A 23-year-old redshirt sophomore, Benjamin was held back in the first and third grades while growing up in Belle Glade, Fla. He attended Glades Central, the same school that produced Santonio Holmes, and, like Holmes, grew up chasing rabbits out of the sugar cane fields.

"Muck City," Benjamin said of his hometown. "Everybody chased rabbits back in the day when you were small. I mean, they were good to eat. They're really good if you've never had them before. But that (chasing) also helps you with speed and agility and stuff like that."

Benjamin told reporters he carries only four percent body fat and that he expects to run a 4.3 40 today.

Evans, of course, also interests the Steelers. The 21-year-old caught 69 passes for 1,394 yards and 12 touchdowns as a redshirt sophomore last season, but not every receiver needs his size to score touchdowns.

Fresno State's Davante Adams scored twice as many touchdowns as Evans to lead the nation last season, and Adams checked into the combine at 6-1, 212 pounds.

"Oh, he's the best. He is the best guy," said Adams' quarterback, Derek Carr. "He'll definitely have one of, if not THE, highest verticals. If he needs to go catch the ball at the roof, he's going to go to the roof. I've seen the guy dunk and he's looking down into the rim. I don't think that's supposed to happen with how tall he is."

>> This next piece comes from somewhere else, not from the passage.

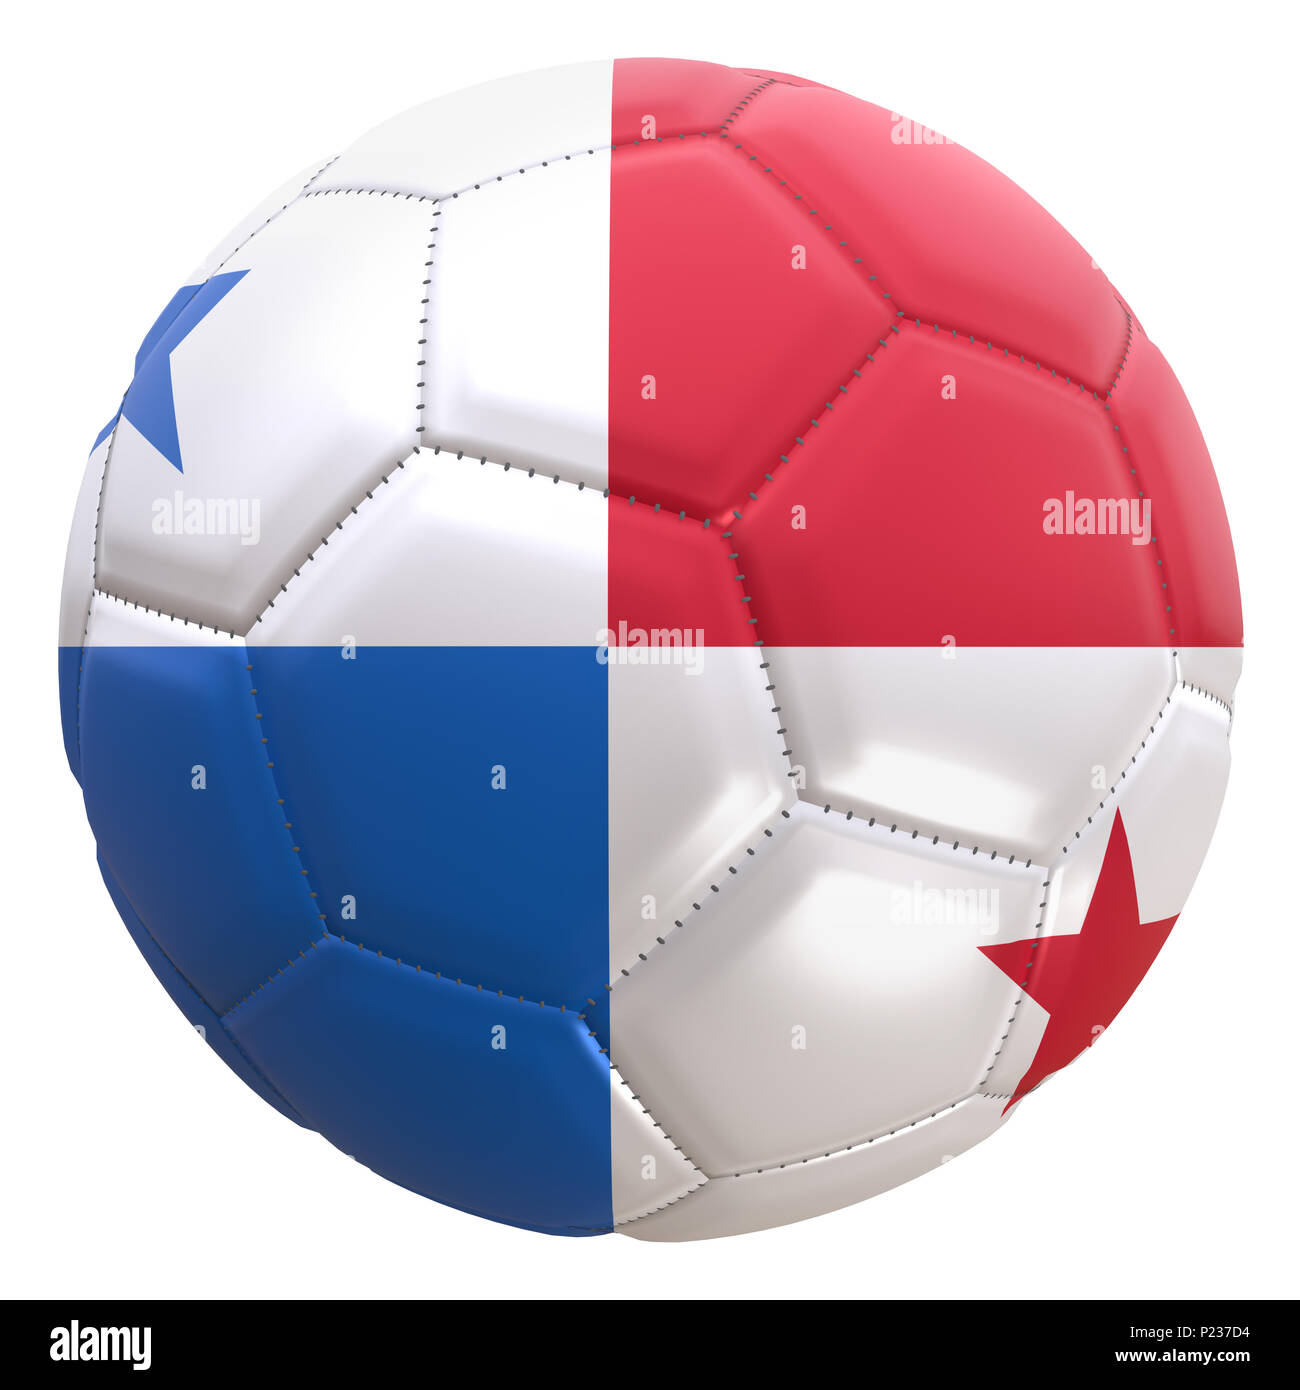 3d rendering of a Panama flag on a soccer ball. Panama is one of the team of world cup championship in Russia 2018. Stock Photo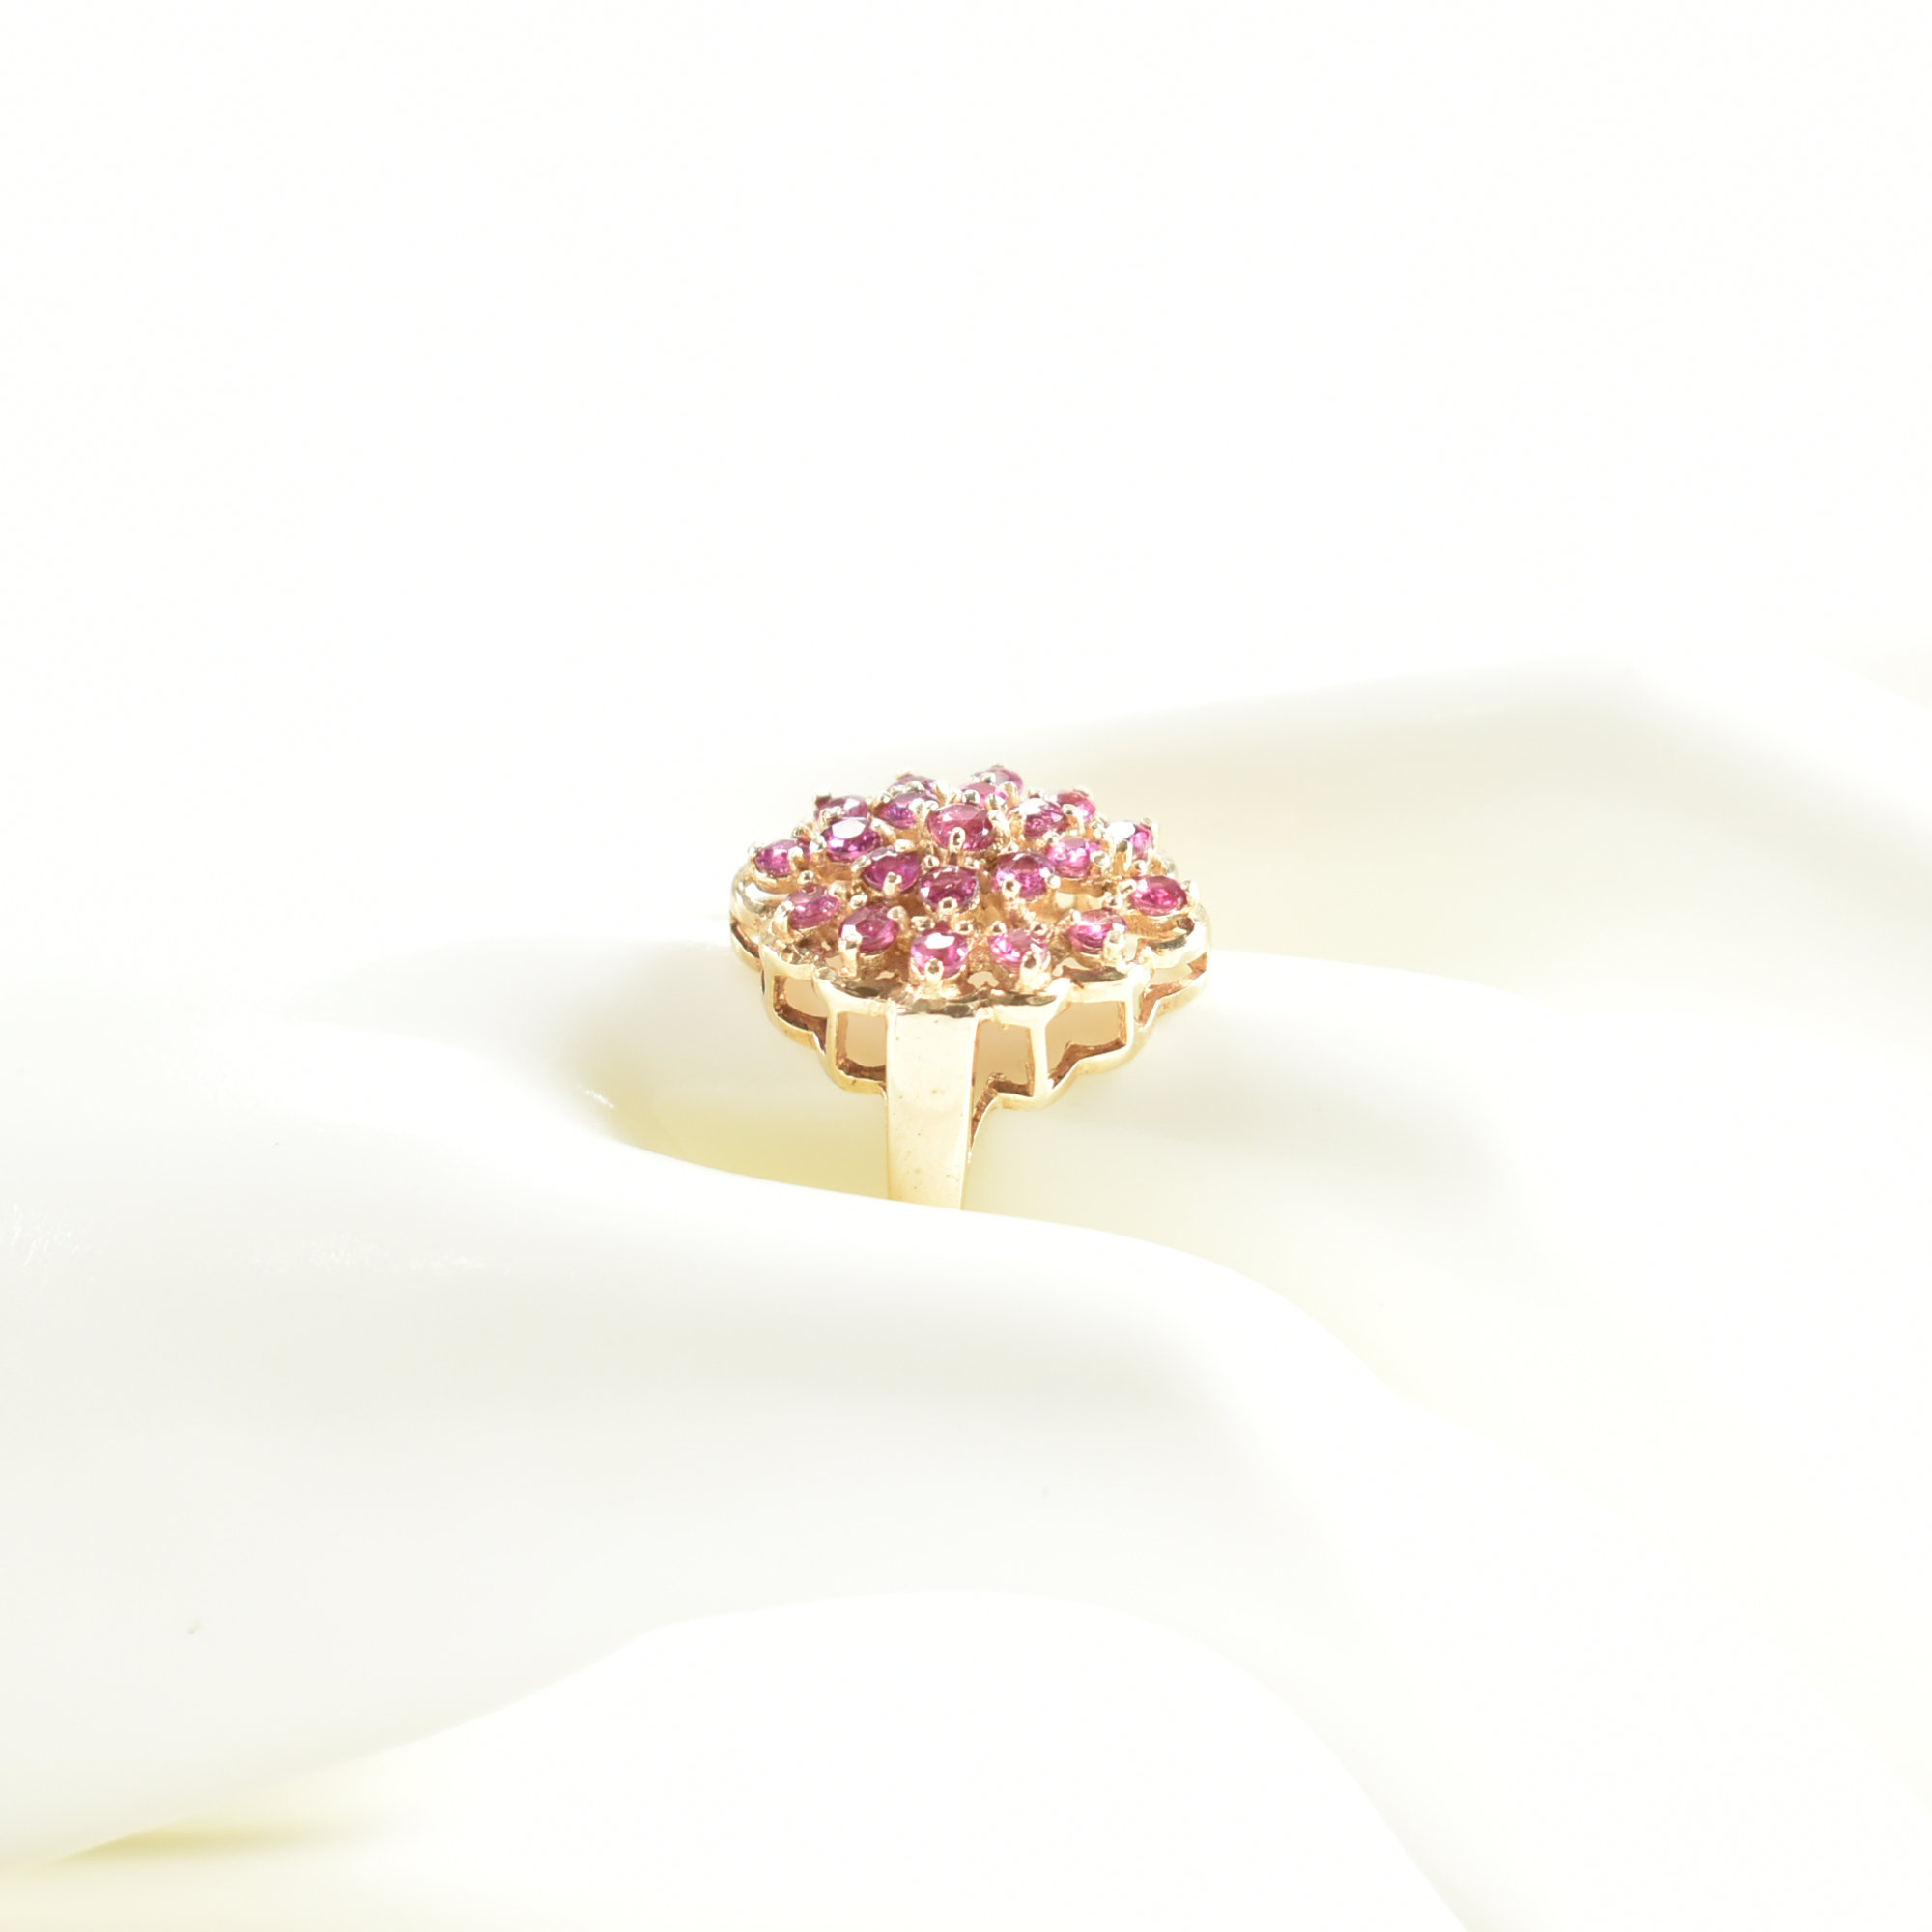 HALLMARKED 9CT GOLD & RED STONE CLUSTER RING - Image 9 of 9

Adams went to Fresno State so that he could double as a basketball player, but found the workload onerous. So he chose football, but knows what basketball has done for his game.

"It makes it real easy to go up and get those 50-50 balls," he said. "That's why we were so effective in the red zone this season."

Adams led the nation with 131 catches and 24 touchdowns, and was second with 1,719 yards. His long speed has been questioned, but, Carr said, "He's going to come out here and shock some people with how he runs. Some people say he's not as fast on tape and stuff. I still haven't seen him get caught."

That's how another of the big receivers described his speed. Jordan Matthews caught 112 passes for 1,477 yards and 7 touchdowns last season at Vanderbilt to finish as college football's active leader in receiving yards with 3,759.

Still, the 6-3, 212-pound polished route-runner seems to be fading into the middle of the second round among the media's draft experts due to an apparent lack of speed.

Matthews has heard this, and disagrees. "I definitely have shown my explosiveness," he said. "The scouts have all watched the film. I've never been caught. I played four years of high school, four years of college, and I still haven't been caught. So I know where my speed is. I know on the field I'm one of the fastest guys in the country, if not the fastest with the ball in my hand."

Matthews said what drove him throughout his distinguished college career was his competitiveness. After all, his mom is Jerry Rice's first cousin.

"Being at Vanderbilt, we had a lot of adversity, we had a lot of change," Matthews said. "We had three head coaches, six different quarterbacks, three offensive coordinators, four wide receivers coaches. I think a lot more guys around the country played with a little bit more stability but I was able to adapt to change and I still came out one of the top of my field. So I think that's what's different about me. What carried me that whole time was always my competitiveness. The way I came to practice every day, the way I always had that chip on my shoulder since high school, I think has carried me to this point and will help me out moving on to the next level."

Allen Robinson (6-2 5/8, 220) of Penn State is another of the deep crop of big-bodied receivers who'll be available for the Steelers at pick 15, and possibly pick 46. But the Steelers know it doesn't take King Kong to score touchdowns.

Of their 18 red-zone touchdown receptions last season, Jerricho Cotchery scored eight and Emmanuel Sanders scored five. Cotchery added two more from the 20-yard line.

However, both red-zone leaders are potential free agents, with Sanders expected to sign elsewhere. Someone will need to pick up the slack, because, as Colbert said, "We have to make the most of the years that we have left with our franchise quarterback."